But these “Kavanaugh stops” aren’t the only disturbing trend to have emerged since last year. ICE’s dysfunction has also inspired bad actors to impersonate mass deportation agents in order to carry out their violent crimes, which has become so pervasive that even Trump’s own FBI has issued a warning.
Meanwhile, as the administration has been lying to the American public by claiming that its masked agents have been targeting the so-called “the worst of the worst,” Trump actively endangered our communities by issuing blanket pardons or clemency to roughly 1,500 supporters who invaded and ransacked the U.S. Capitol on Jan. 6. Among insurrectionists freed by Trump and complicit allies in Congress include a number individuals who have, in just one example, committed horrific crimes against children, according to two new reports from House Judiciary Committee ranking member Jamie Raskin (MD-08).
“At least 33 pardoned insurrectionists have now been convicted of, charged with, or arrested for additional crimes since the violent attack on the Capitol,” one report said. “The crimes committed by rioters before and after the insurrection include: child sexual assault, production of child pornography, possession of child pornography, rape, conspiracy to commit murder of Federal Bureau of Investigation (FBI) agents, kidnapping, sexual assault, aggravated robbery, reckless homicide, driving under the influence causing death, illegal possession of firearms, domestic violence by strangulation, burglary, vandalism, grand theft, stalking, violation of protective orders, threatening public officials, and drug trafficking.”
The Justice Department, which initially pursued accountability against these criminals under the previous administration, has itself been infiltrated by Jan. 6 co-conspirators under Trump, the report continues.
“Astonishingly, President Trump appointed Ed Martin—a direct participant in the ‘Stop the Steal’ movement, January 6th attendee and primary architect of the January 6th revisionist narrative—as U.S. Pardon Attorney.

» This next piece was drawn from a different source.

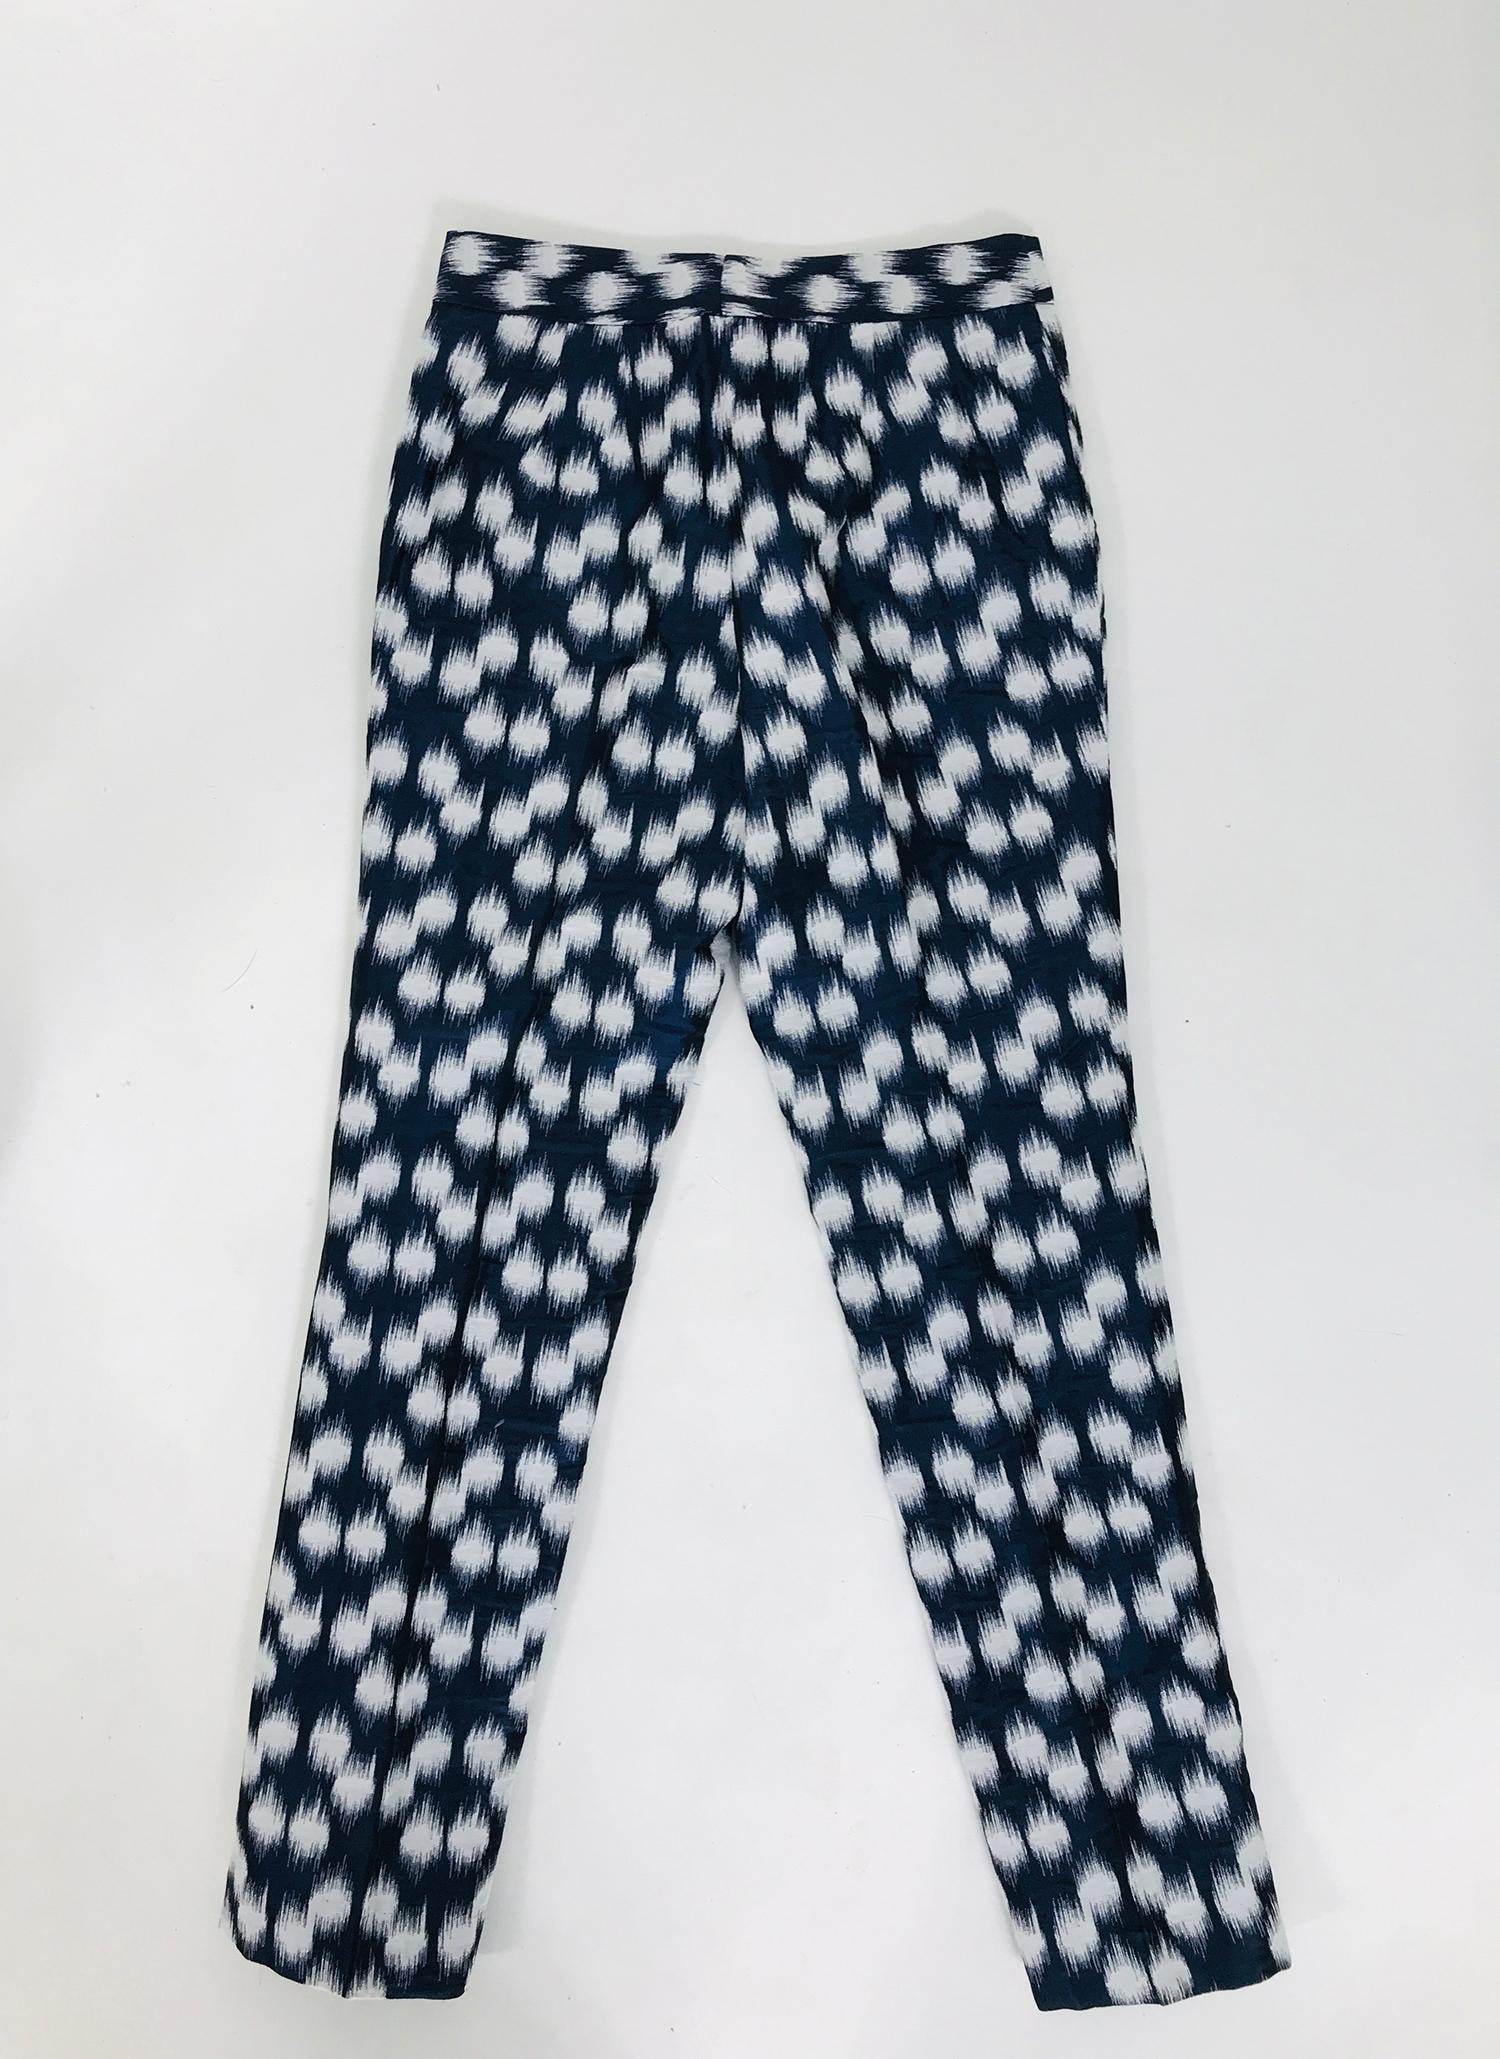 Josie Natori Ikat Woven Trouser in Blue Black Metallic & White  In Excellent Condition For Sale In West Palm Beach, FL

Mr. Martin’s appointment in May 2025, after a failed bid for confirmation as U.S. Attorney for the District of Columbia, was the final act in the evisceration of the Pardon Attorney’s office as a professional and nonpolitical decisionmaker in the clemency process.”
“Mr. Martin, who tweeted from the Capitol grounds himself on January 6th and described that violent day as ‘Mardi Gras in D.C.,’ has been a fervent January 6th apologist,” the report continued. “He had spent the years prior to his appointment raising cash for the very January 6th offenders President Trump has let out of jail.”
The message of these pardons and dysfunction of government agencies like ICE and the Justice Department make it clear: chaos and vigilantism on behalf of Trump will not be punished, but instead rewarded.
One year later, we can clearly see that Jan. 6 was a foreshadow to what was to come in Trump’s second term and demands for accountability for those who not only led the attack but also inspired it should have been taken more seriously and urgently. This fifth anniversary of the most brutal attack on our democracy in two centuries should serve as yet another reminder that the attacks on our freedoms and very way of everyday life started before Trump began his second term – and that it’ll be up to us to protect the values we hold dear.”